Viktor Vasilyevich Marinyuk (born April 10, 1939, Kazavchin, Odessa region, USSR) is an Honored Artist of Ukraine, one of the central figures of Odessa unofficial art.

Biography 
Marinyuk was born on April 10, 1939 in the village of Kazavchin, Odessa region (now Kirovohrad region), Gaivoronsky district.

In 1959 he graduated from the Odessa Automobile and Road Technical School.

In 1967 he graduated from the Odessa Art College named after M. B. Grekov. His teacher was Lyubov Tokareva-Alexandrovich.

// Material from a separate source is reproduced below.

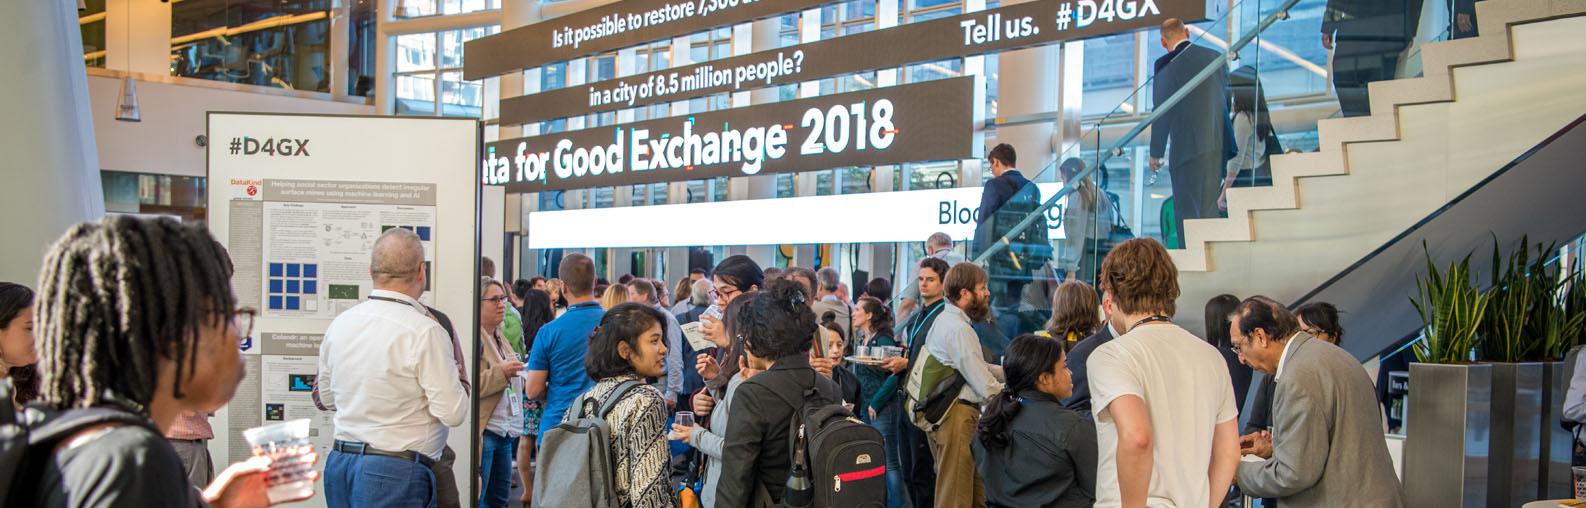 Data for Good Exchange 2019
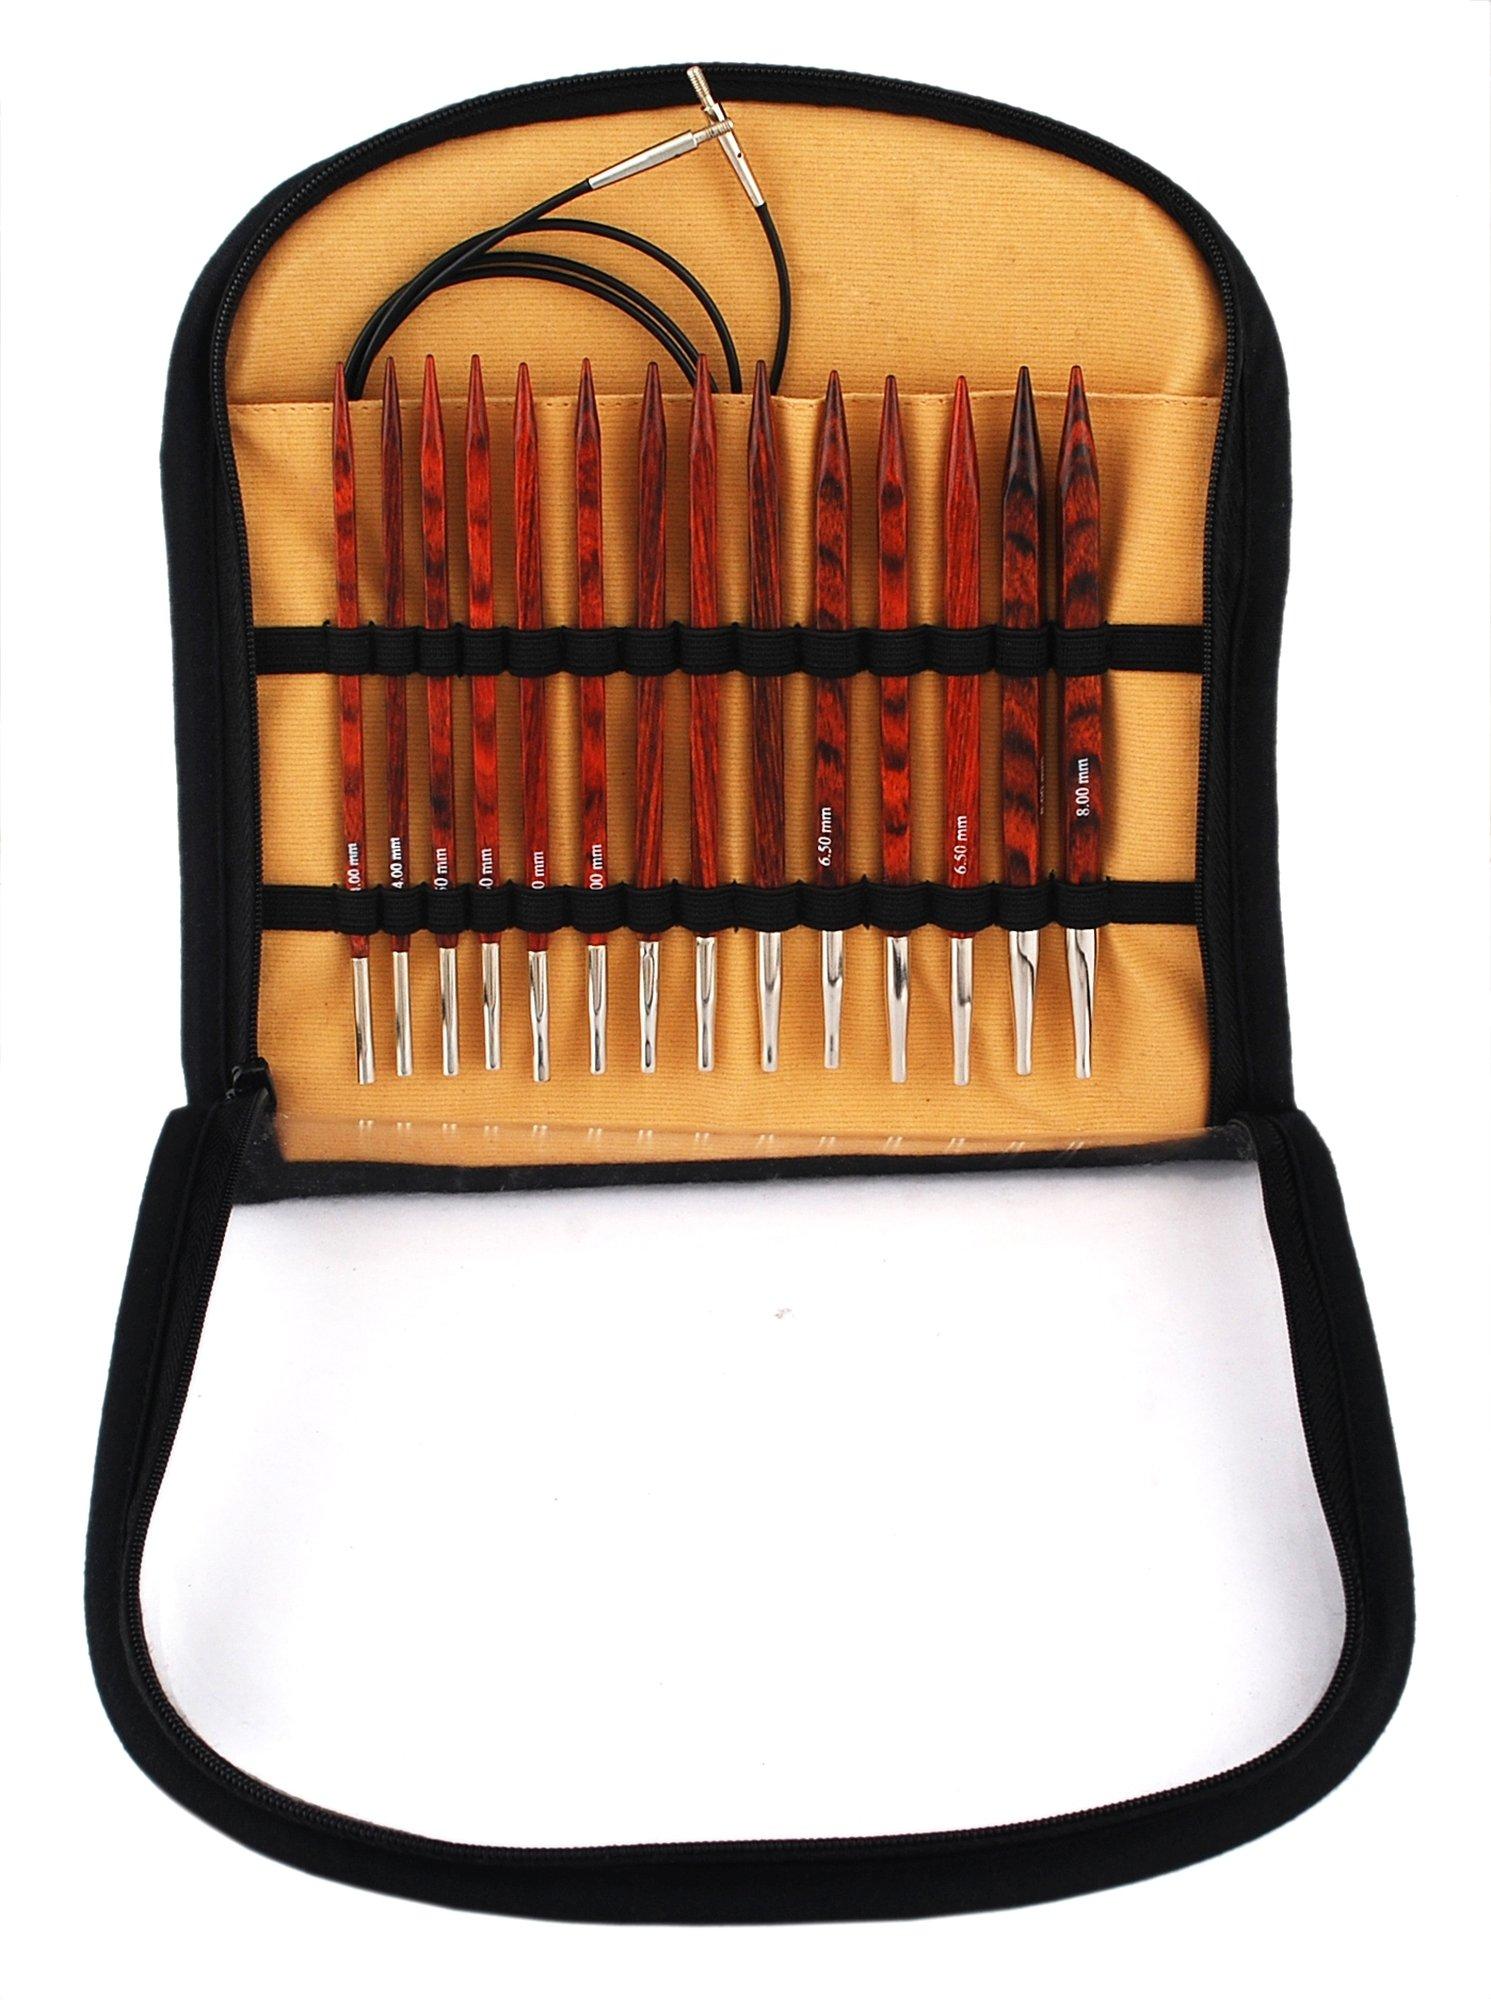 KnitPro - Deluxe - Interchangeable Needle Set - Cubics by Knit Pro (Image #2)

Marinyuk was one of the founders of the group of young non-conformist artists, which also included Alexander Anufriev, Vladimir Strelnikov, Valery Basanets. In 1971, their unofficial group exhibition took place in the premise of the Union of Artists, which had a wide resonance in the artistic circles of Odessa.

In 1975-1980 he organized and participated in many unofficial "apartment" exhibitions in Odessa and Moscow.

In 1979 he took part in an exhibition "Contemporary Art from Ukraine" - Munich - London - Paris - New York.

In 1987 Marinyuk became a member of the USSR Union of Artists, later the National Union of Artists of Ukraine.

In 1989 he took part in a group exhibition at the Bavarian State Ministry of Labor (Munich).

In the 1990s he carried out active exhibition activities, participated in and formed the expositions of three international biennials "Impreza" (Ivano-Frankivsk), was a member of the jury.

Since 1991 - an honorary member of the Kyiv-Mohyla Academy.

In 1992, he was one of the founders of the Choven creative association, and in 1998, the Mamai creative association.

On October 10, 2008, Marynyuk was awarded the title of Honored Artist of Ukraine for a significant personal contribution to the development of national fine arts, significant achievements in professional activities and on the occasion of the 70th anniversary of the founding of the National Union of Artists of Ukraine.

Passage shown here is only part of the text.